REQUIRED WORK. Scan the records below for the line with "儿子点名要的好书，就在买了，" and the line with "PHILIPS Lighting LED", and retype that range exactly, both ends included, pictures excepted.
==== MATERIAL FOR THE TASK
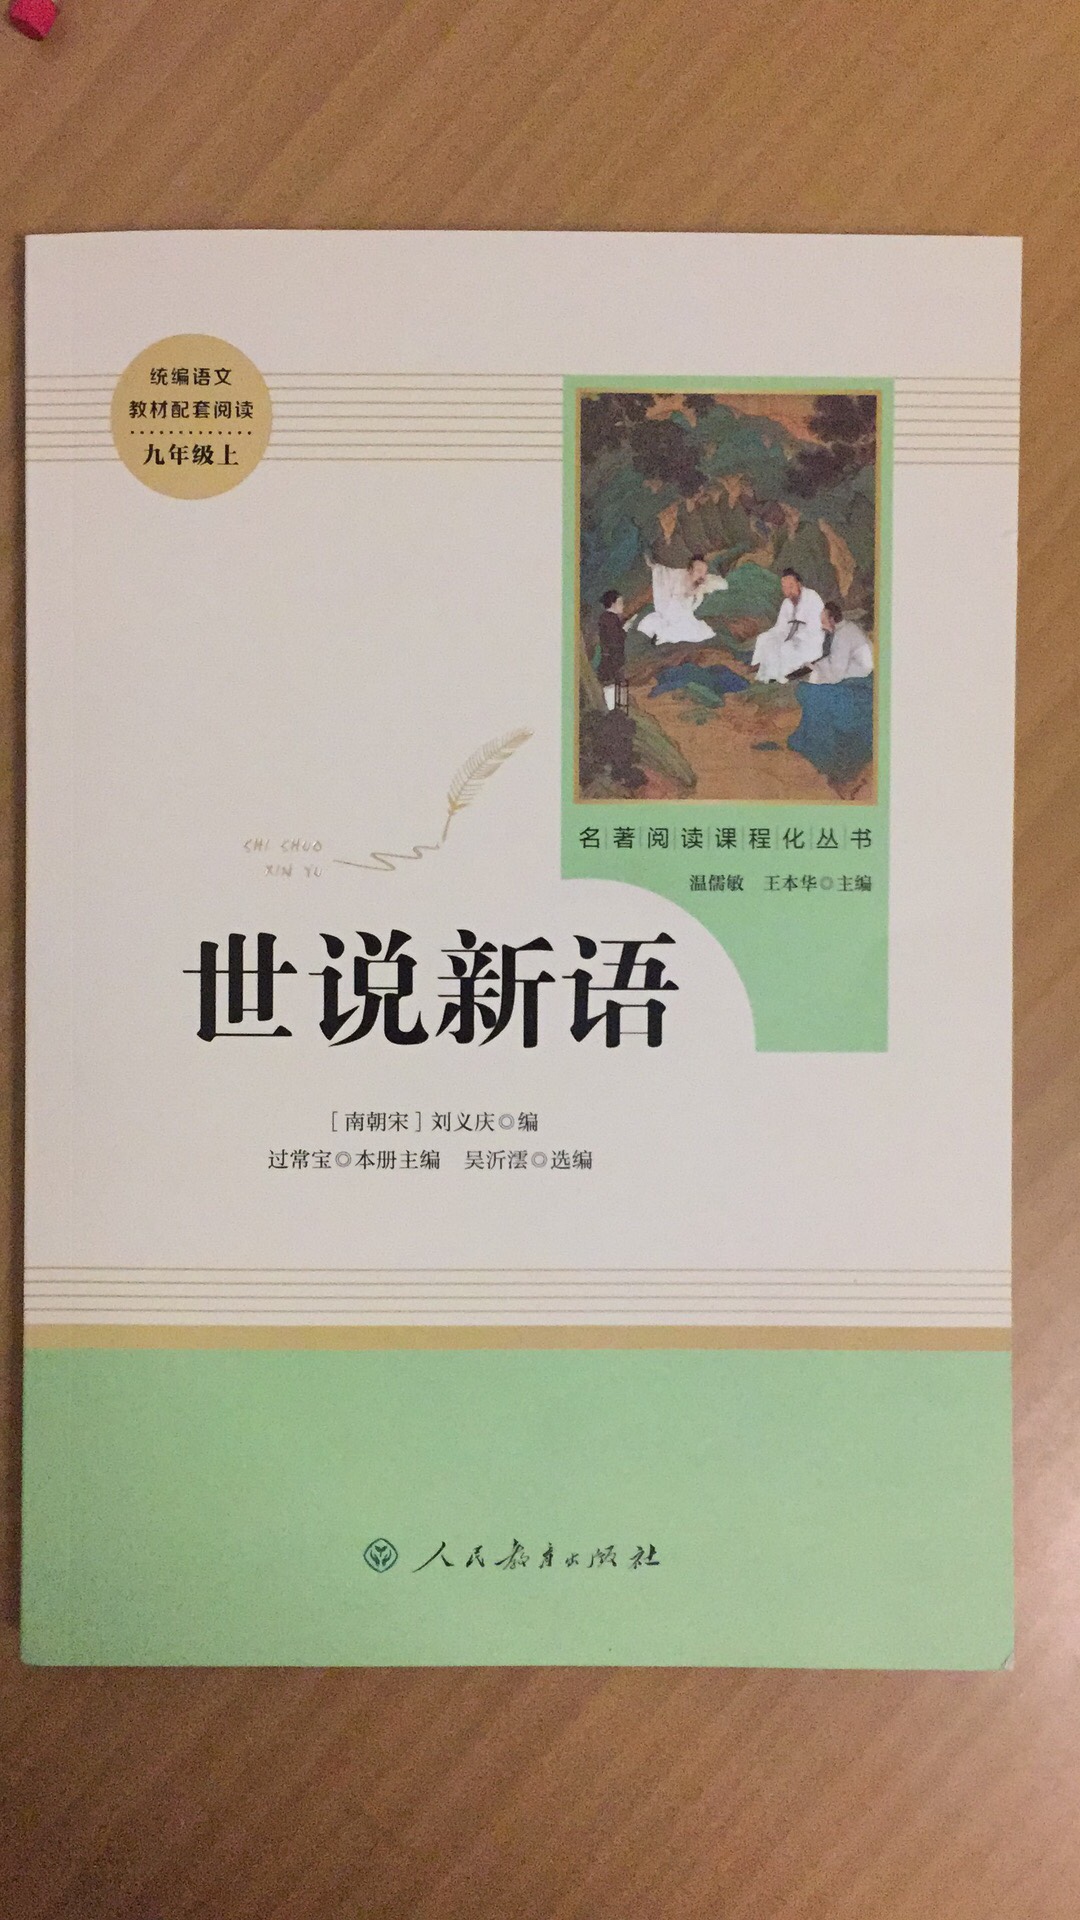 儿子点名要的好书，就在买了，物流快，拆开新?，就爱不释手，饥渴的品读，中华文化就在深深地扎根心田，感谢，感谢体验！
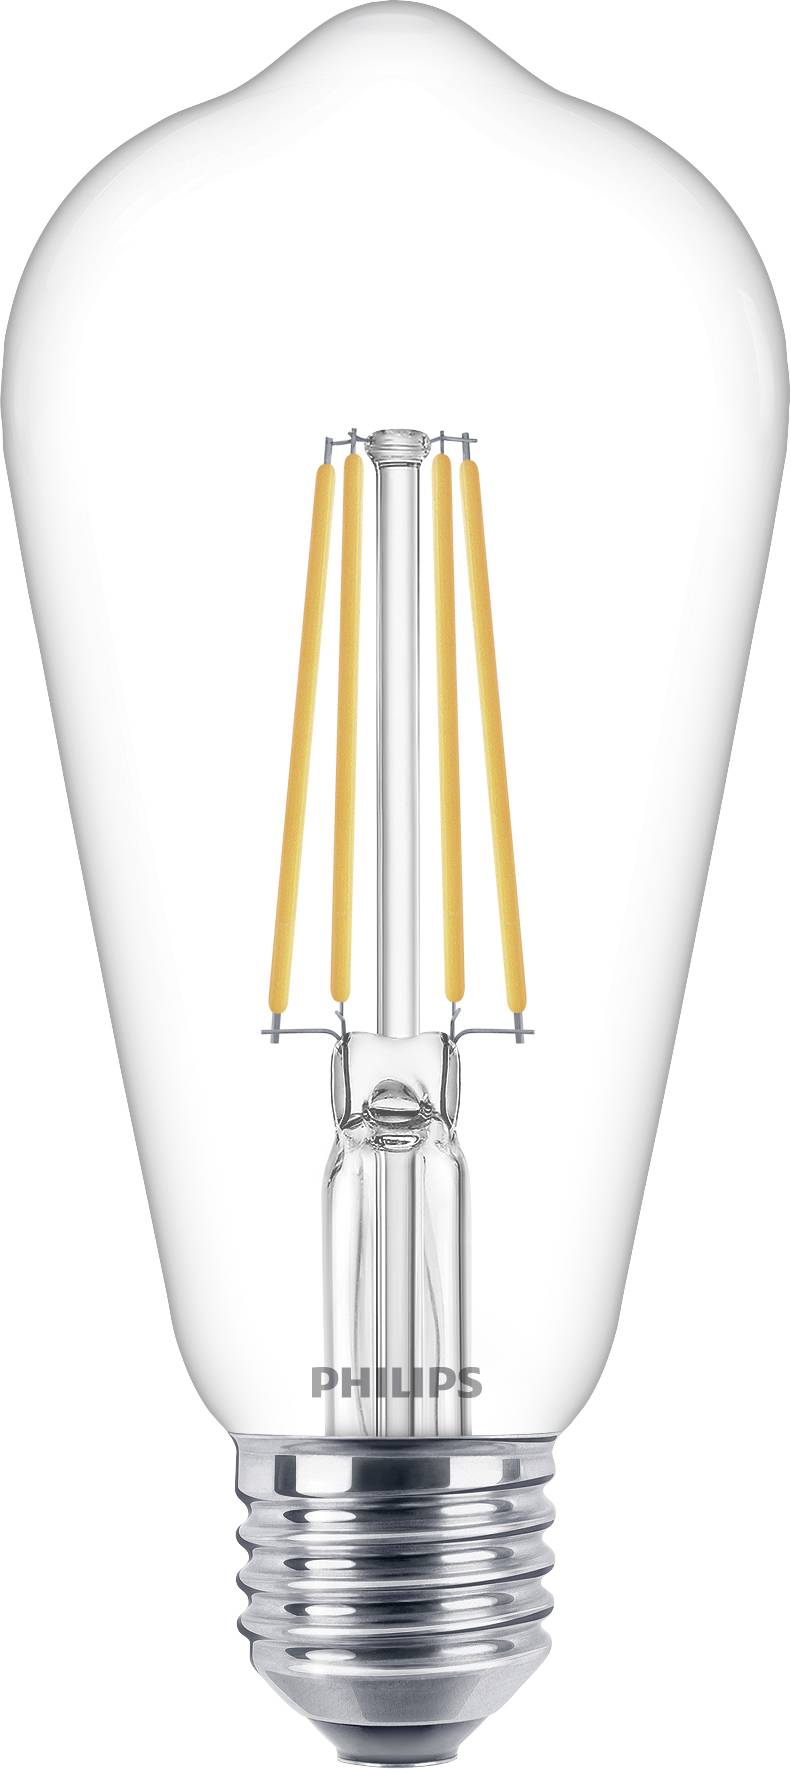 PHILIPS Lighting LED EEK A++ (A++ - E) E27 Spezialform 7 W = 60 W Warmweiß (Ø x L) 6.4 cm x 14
========
==== MATERIAL FOR THE TASK
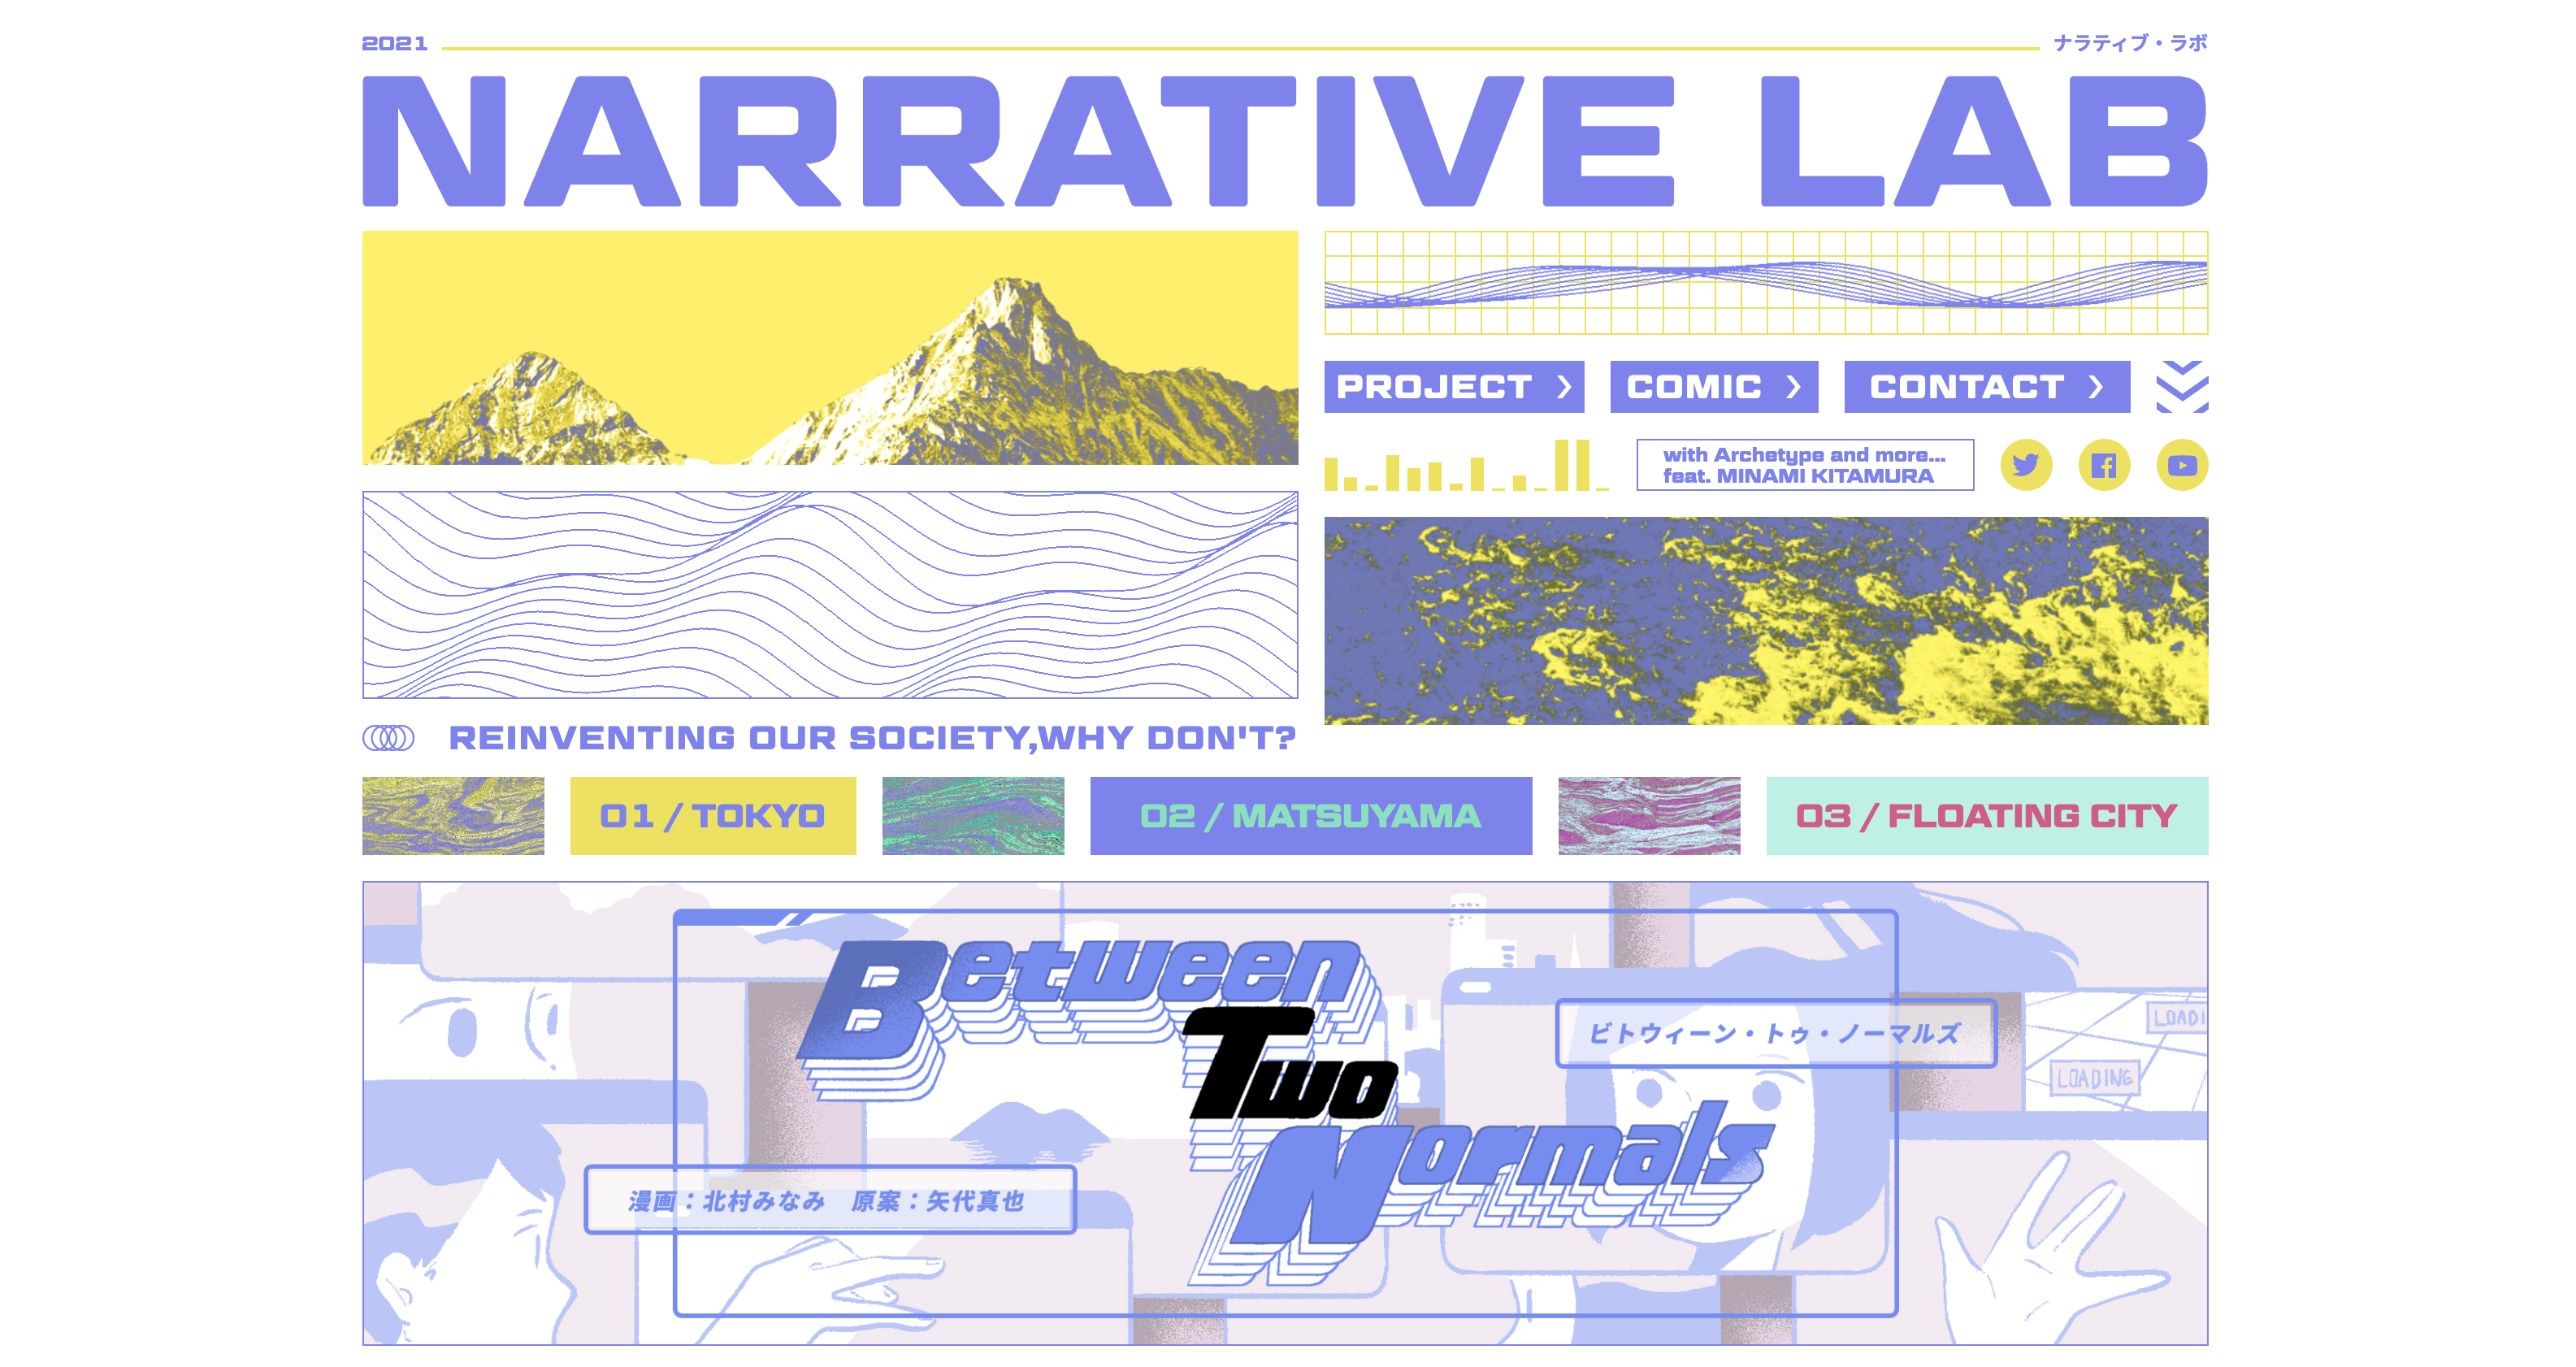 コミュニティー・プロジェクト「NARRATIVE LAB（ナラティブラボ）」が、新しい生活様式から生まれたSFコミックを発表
========
ANSWER FOR THIS EXERCISE.
 儿子点名要的好书，就在买了，物流快，拆开新?，就爱不释手，饥渴的品读，中华文化就在深深地扎根心田，感谢，感谢体验！
 PHILIPS Lighting LED EEK A++ (A++ - E) E27 Spezialform 7 W = 60 W Warmweiß (Ø x L) 6.4 cm x 14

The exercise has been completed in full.